RCSI held a virtual reception for Fellows and Members on Monday, 5 October which opened with a welcome address by ACS President Dr Valery Rusch, also an Honorary Fellow of RCSI. Vice-President Laura Viani, Council Member Margaret O’Donnell and I did short recorded interviews with several of our Fellows and Members working or training in North America. The event is available to view online here.
The Wednesday evening webinars continue to attract large numbers of viewers and have become part of the working week. On Wednesday, 7 October there was an excellent session on thyroid cancer, while on 14 October the presentations provided updates from the clinical programmes surgery. Dr Veda Hamilton, national clinical lead for acute hospital care provided a detailed update on COVID-19 and measures being taken to cope with the expected pressures on acute services.
The Global Health Education Ireland Symposium will take place online on Friday, 23 October. Speakers include Dr Mike Ryan (Executive Director, Health Emergencies Programme, WHO), Mr Colm Brophy TD (Minister of State for Overseas Development and Diaspora) and many more. Two of our partner organisations – COSECSA (surgical training) and CANECSA (anaesthesiology training) will also present. You can register for free and get full details of the programme here.
The MCRSI Part B examination was held on 6 and 7 October. The format of the examination was modified to be delivered safely in a socially distanced capacity. 54 candidates were examined across both days. This was an important milestone for the candidates and also the Core Surgical Training programme, as progression from ST2 to ST3 is dependent on success in the examination. I am very grateful to the members of the Court of Examiners who examined and to the staff of Surgical Affairs and SARA who made all the arrangements. Applications are now open for the 2021 Surgical Training Programmes, Closing date for submission is 19/11/2020 at 5pm and applicants can apply to Core Surgical Training here.
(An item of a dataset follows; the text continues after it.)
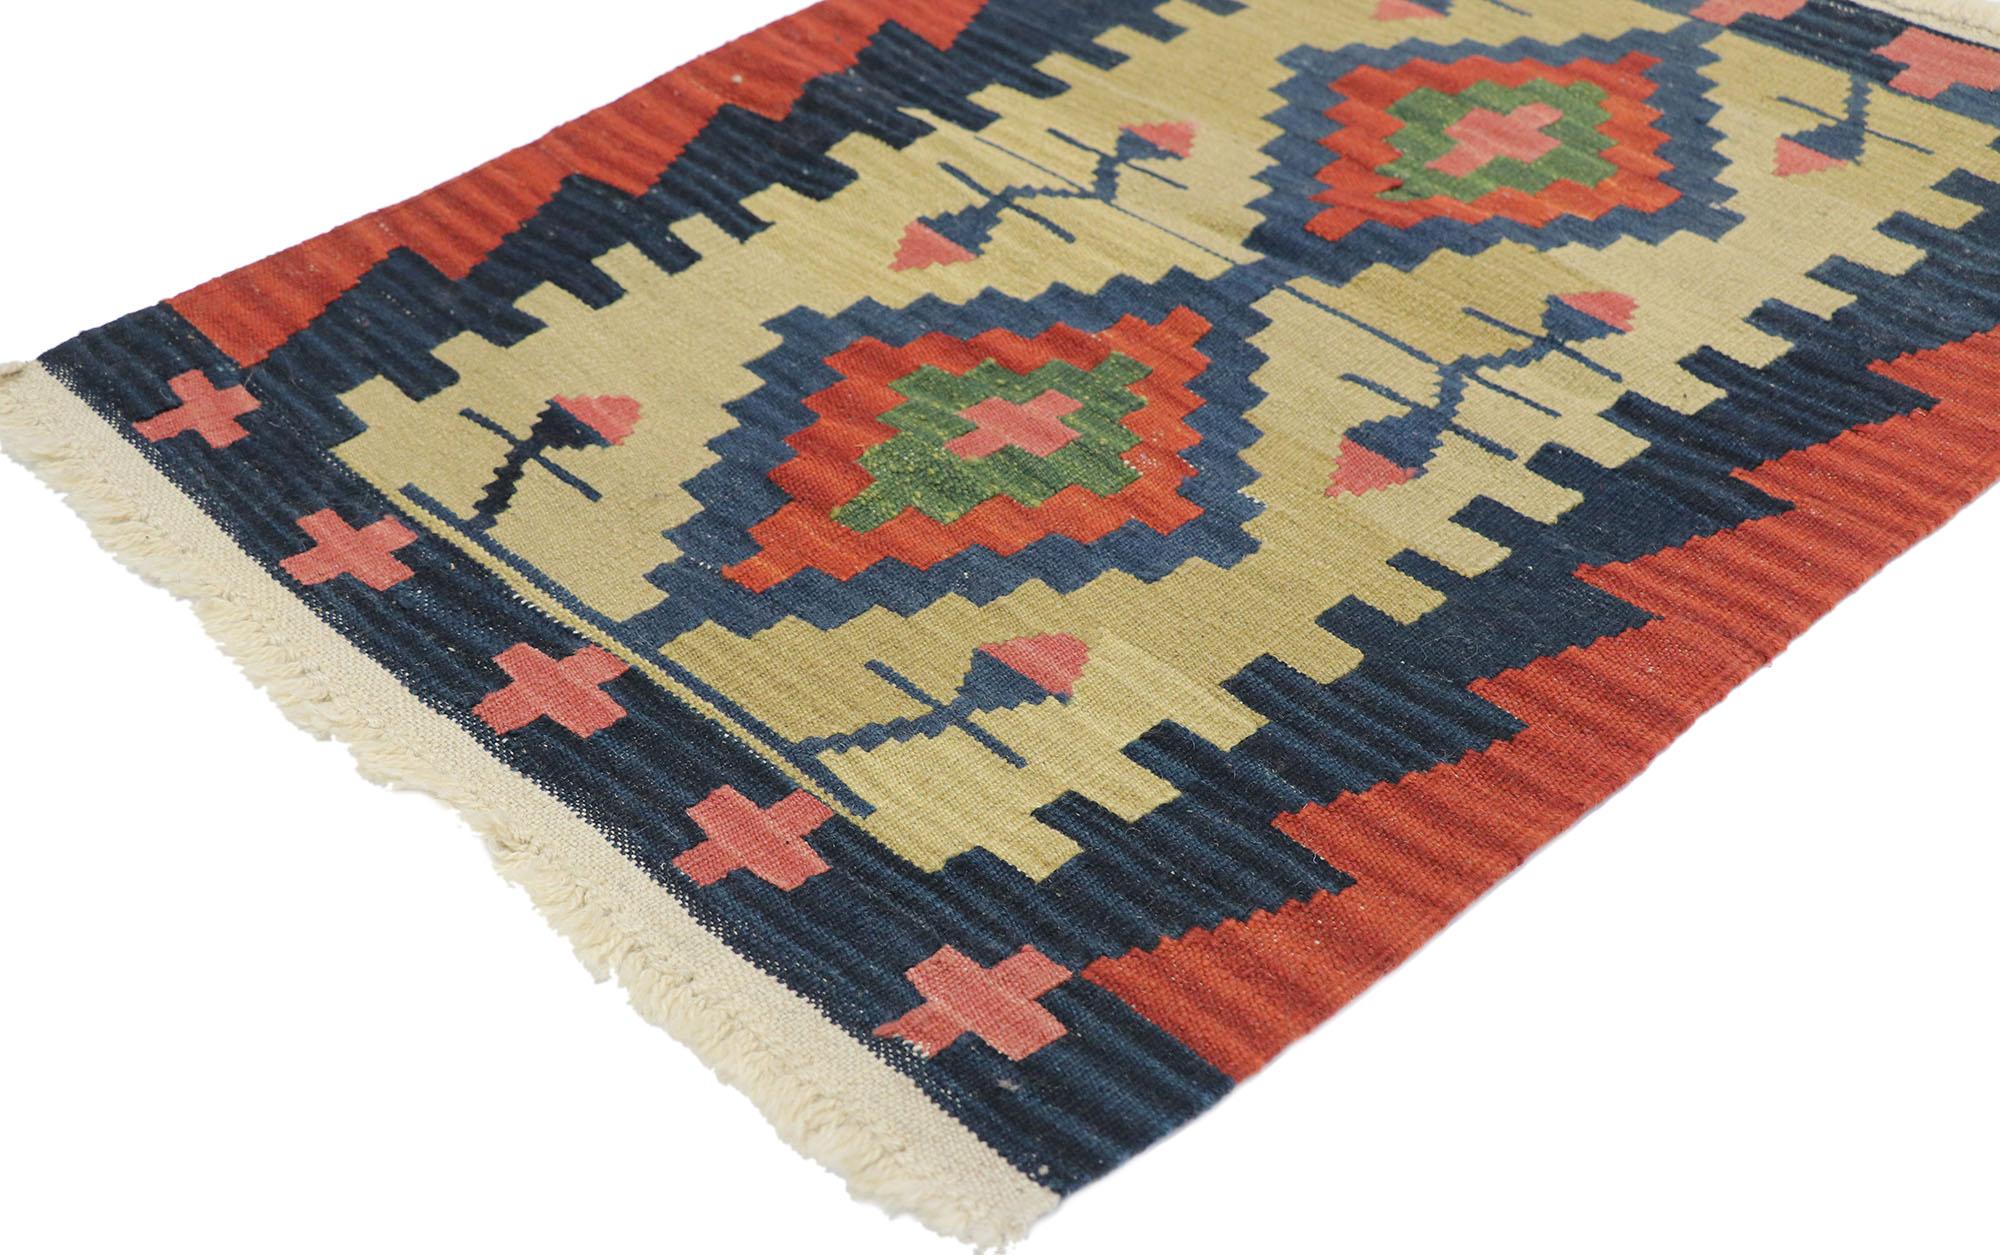 77909, vintage Persian Shiraz Kilim rug with Tribal style. Full of tiny details and a bold expressive design combined with vibrant colors and tribal style, this hand-woven wool vintage Persian Shiraz kilim rug is a captivating vision of woven
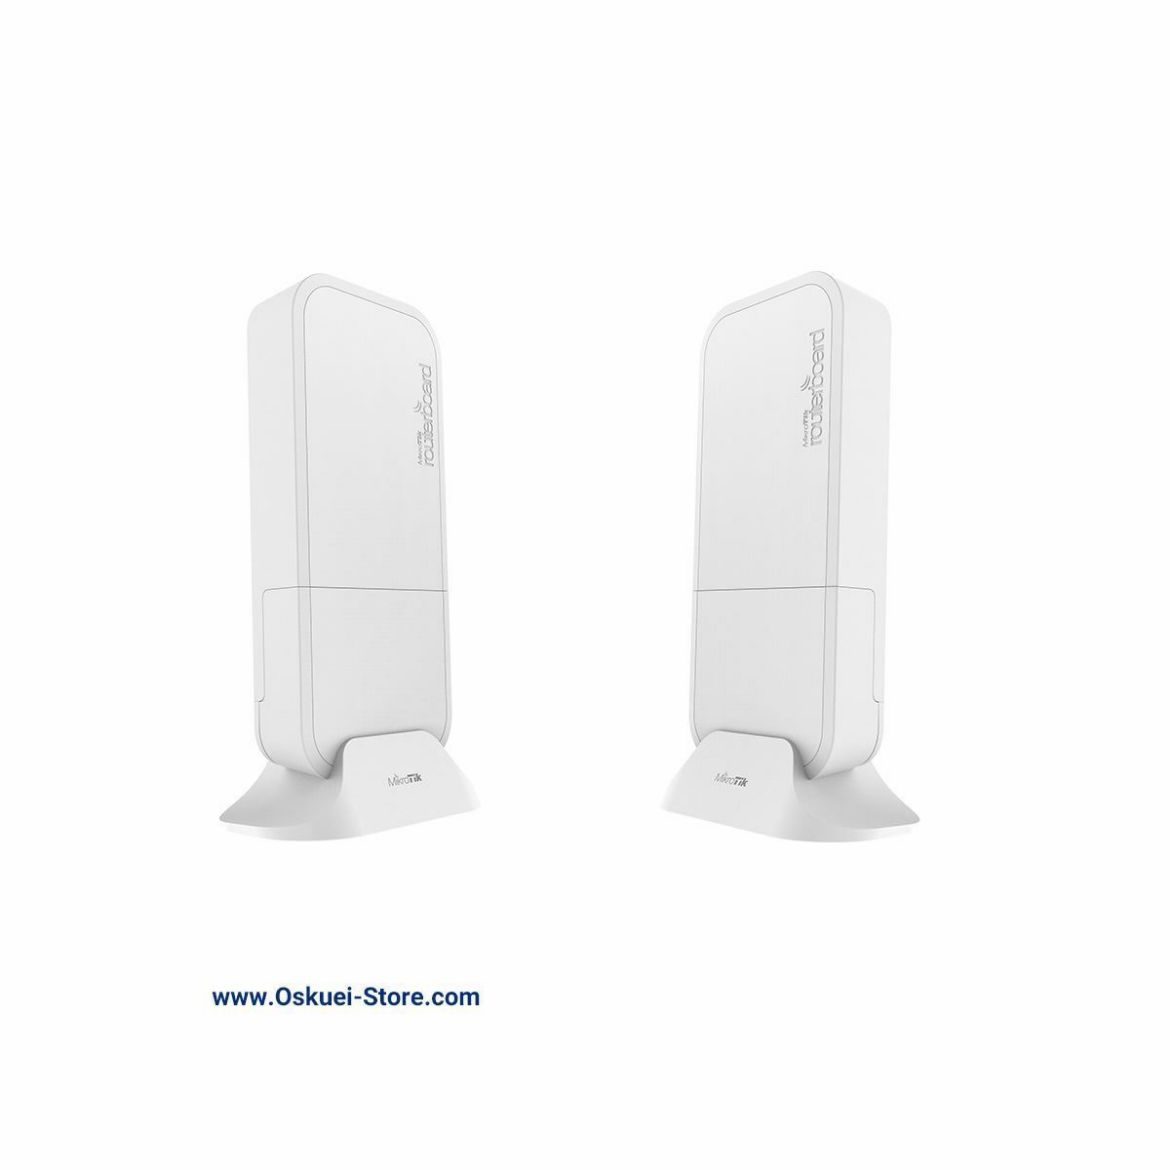 MikroTikRBwAPG-60adkit Wireless Router Left and Right

The 2019/2020 RCSI Annual Report was presented to Council at its meeting on 8 October – the report can be viewed here. It presents an outstanding account of the College and University activities over the past year. It is beautifully presented and well worth a look.
2020 was designated by WHO the 'International Year of the Nurse and the Midwife' in honour of the 200th anniversary of Florence Nightingale's birth. This year also marks 50 years since the introduction of post-registration education in Emergency Nursing in Ireland. A webinar to celebrate to 50 years of Emergency Nursing in Ireland was hosted by RCSI National Emergency Programme on 15 October 2020.
Finally, it is with great sadness that we learned this week of the death of Frank McManus, formerly consultant orthopaedic surgeon at the Mater and Temple Street Hospitals and RCSI Council member from 1995 to 2014. Frank was tireless in his efforts to improve patient care and develop the facilities necessary to improve outcomes. He championed the development of the National Spinal Unit at the Mater Hospital and would have welcomed the announcement this week of funding for the National Trauma Centres. Frank served on every College committee and gave freely of his time and energy to promote the best in Irish surgery. Our thoughts are with his wife Susie and children Joseph, Johnny and Sorcha.